Chronic kidney disease Flashcards
(24 cards)
What is the definition of chronic kidney disease?
Kidney damage or eGFR<60ml/min per 1.73m^2 for 3 months or more
Describe creatinine clearance
- Serum creatinine is a product of muscle metabolism
- Production and serum levels are fairly constant
- 24hr creatinine clearance is often inaccurate
- It is freely filtered but there is tubular secretion
What are the problems with using serum creatinine to calculate GFR?

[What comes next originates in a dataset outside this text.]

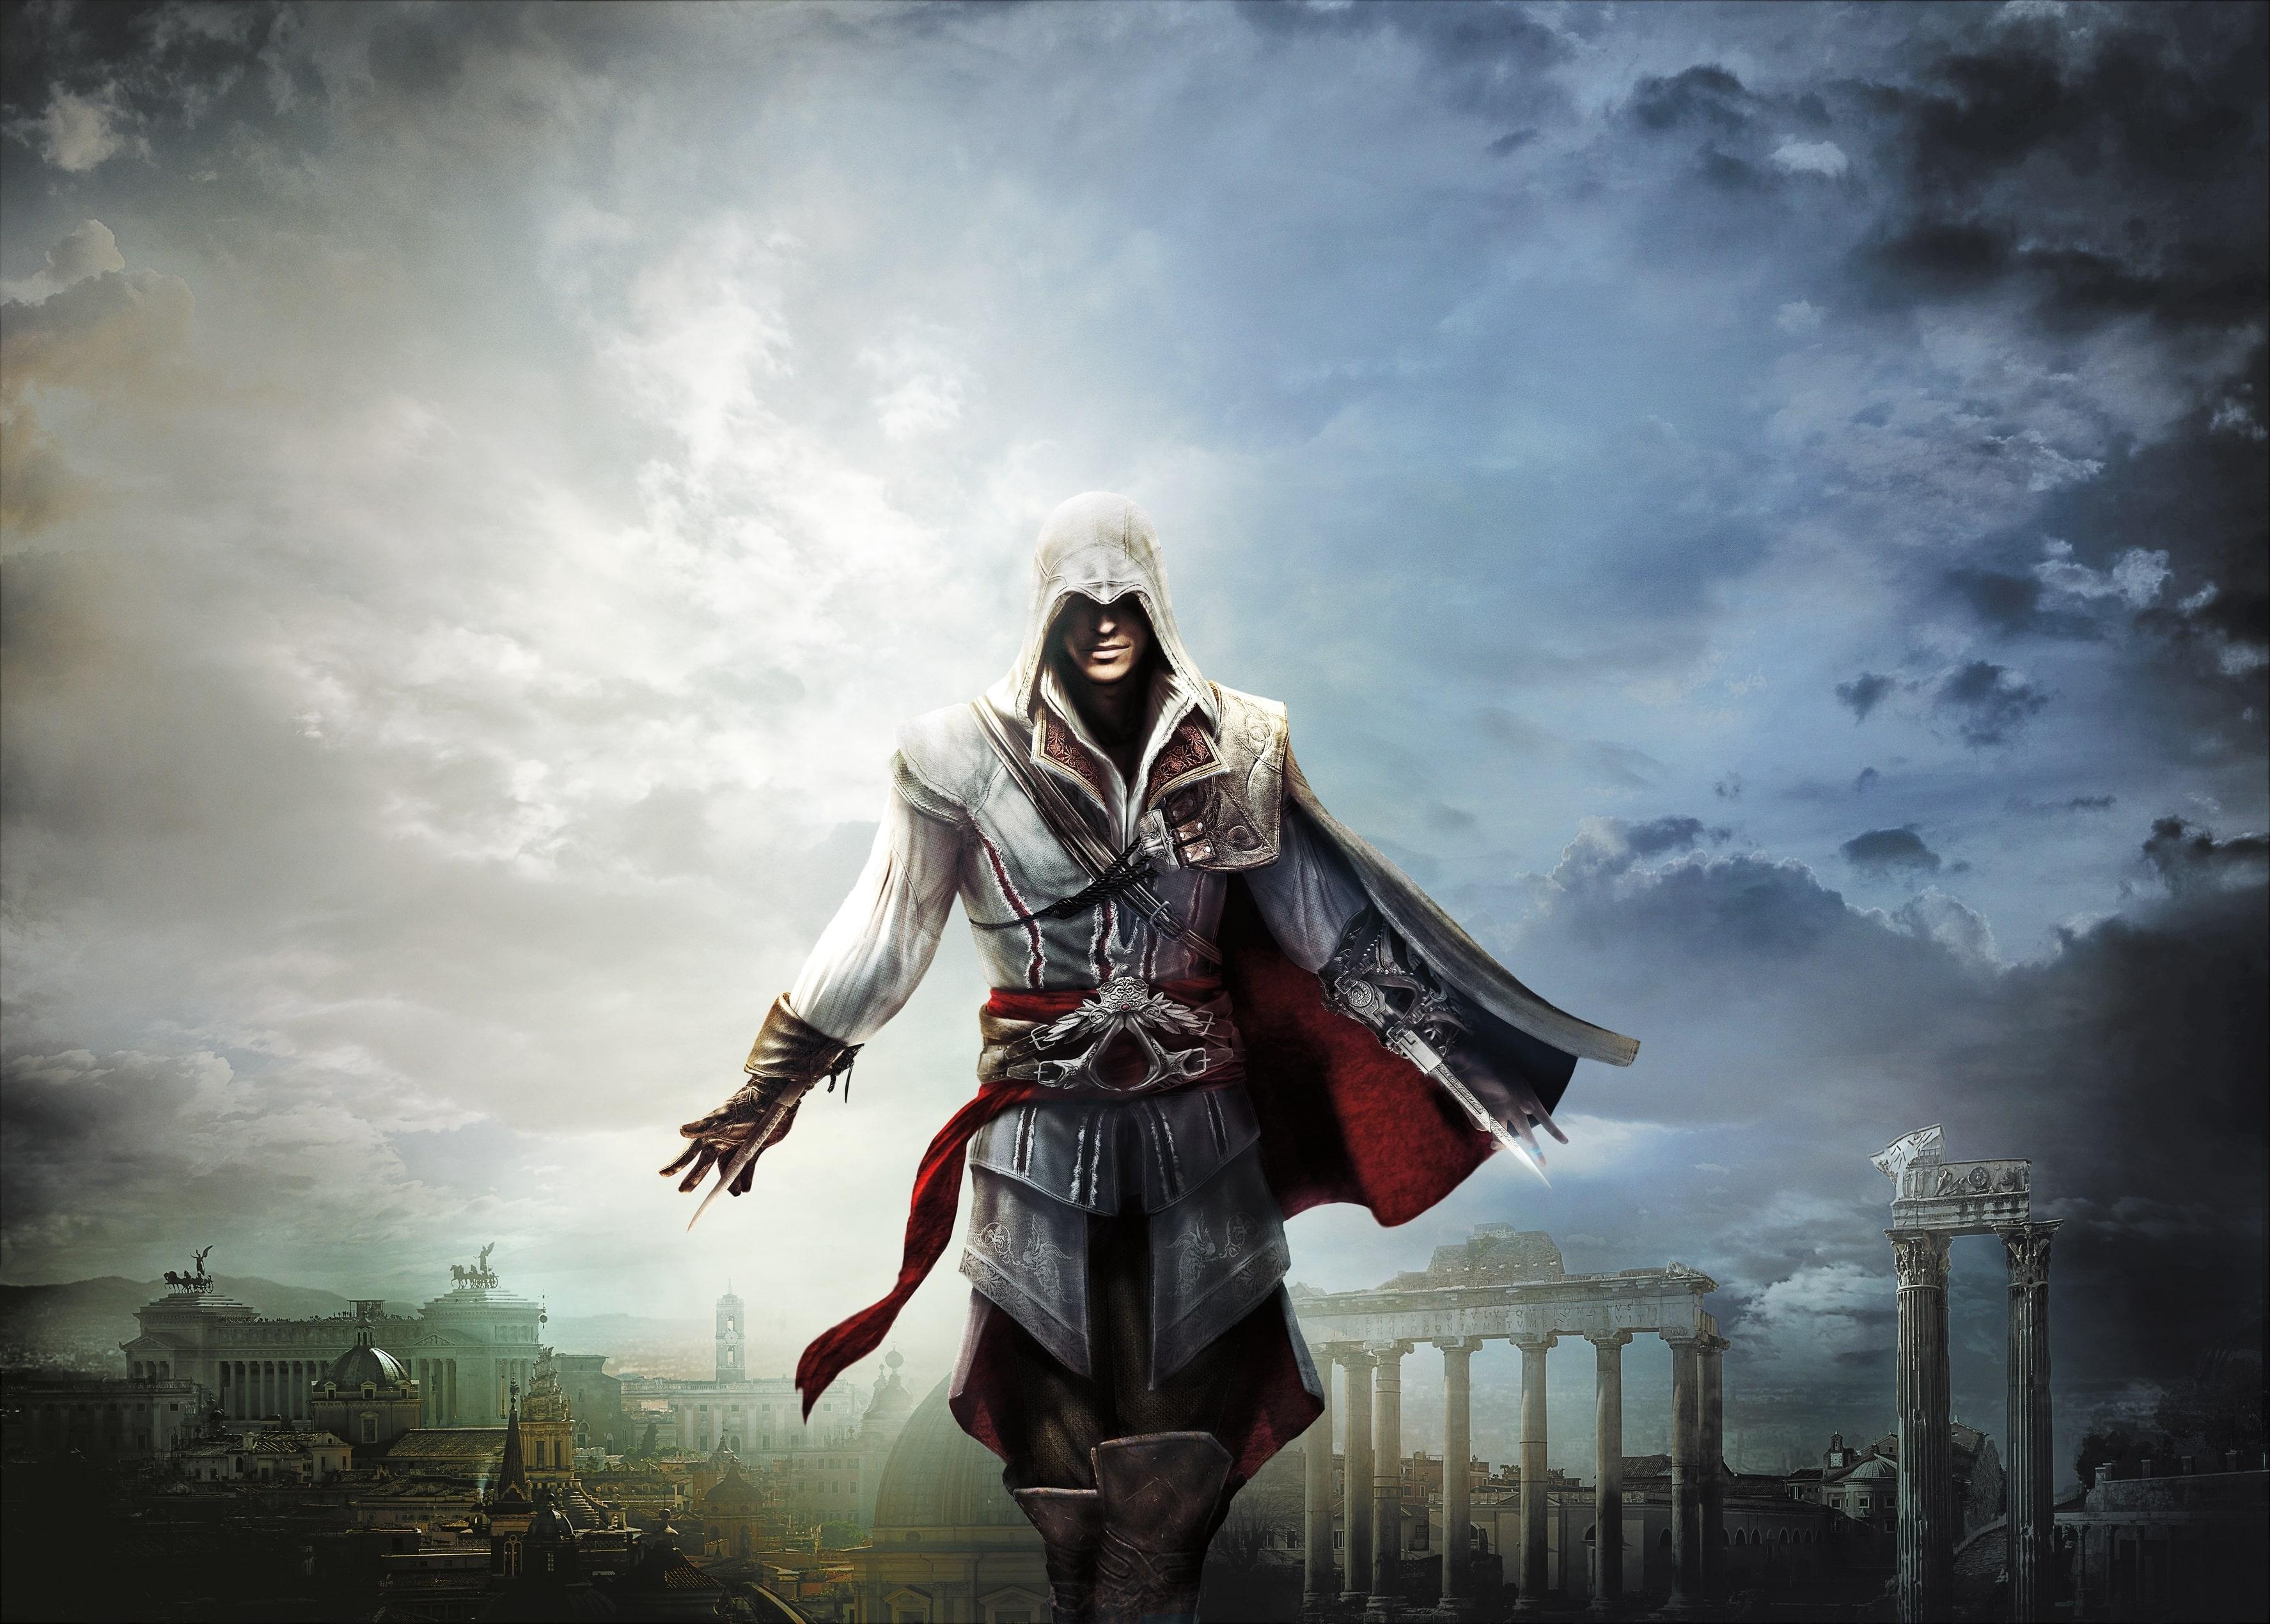 assassin's creed the ezio collection annoncée sur ps4 & xbox one

- Exponential relationship lead to a slow recognition of the loss of the first 70% of renal function i.e. lag time and surprise at the sudden rise of creatinine with a late renal referral
- Effect of muscle mass leads to the overestimation of function in low muscle groups e.g. amputees, RA, elderly
What are the problems with eGFR?
- Only validated in whites and African Americans
- Mean age 50 so is not validated in the elderly
- Values above 60ml/min are not distinguishable so reported as eGFR>59ml/min
- Drug dosing - doesn’t take weight into account
- Not valid in AKI as creatinine must be steady state
- Not validated in pregnancy
Explain the NKF classification
2 measurements taken over 1 month apart
•Stage 1: GFR>90: Normal or increased eGFR with other evidence of kidney damage
•Stage 2: GFR 60-89: Slight decrease in eGFR with other evidence of kidney damage
•Stage 3a: eGFR 45-59: moderate decrease in eGFR
•Stage 3b: eGFR 30-44: moderate decrease in eGFR
•Stage 4: eGFR 15-29: severe decrease in eGFR
•Stage 5: Established renal failure
What can cause a 1+ protein result on a dipstick?
- Fever
- exercise
- normal
What can we use to quantify proteinuria?
- 24 hour urine collection
- PCR
- ACR
What is a normal ACR?
<2.5
What is a normal PCR?
<20
What is a normal albuminuria:ACR?
> 30
What is the nephrotic range proteinuria?
PCR>300
Describe the appearance of diabetic nephropathy on histology
Kimmelstien-Wilson nodules
What is the aetiology of reflux nephropathy/chronic pyelonephritis?
- Valve between the bladder and ureter remains open
- Urine refluxes up the ureter
- Kidney becomes scarred, inflammation response
What are the symptoms of advanced chronic kidney disease?
- Pruritus
- Nausea, anorexia, weight loss
- Fatigue
- Leg swelling (due to salt and fluid clearance)
- Breathlessness
- Nocturia
- Joint/bone pain
- Confusion
What are the signs of advanced CKD?
- Peripheral and pulmonary oedema
- Pericardial rub and pericarditis
- Rash/excoriation
- Hypertension
- Tachypnoea
- Cachexia
- Pallor and/or lemon yellow tinge
What are the general principles for the mangement of CKD?
- Targeted screening for CKD
- Interventions to slow the rate of progression of CKD and reduce cardiovascular risk
- Medicines to replace impaired individual functions of the kidney
- Advanced planning for future renal replacement therapy (RRT)
- Renal replacement therapy
How do you slow the progression of chronic kidney disease?
- Aggressive BP control
- Good diabetic control
- Smoking cessation
- Diet
- Lowering cholesterol
- Treat acidosis
Which drugs should you use for hypertension in CKD?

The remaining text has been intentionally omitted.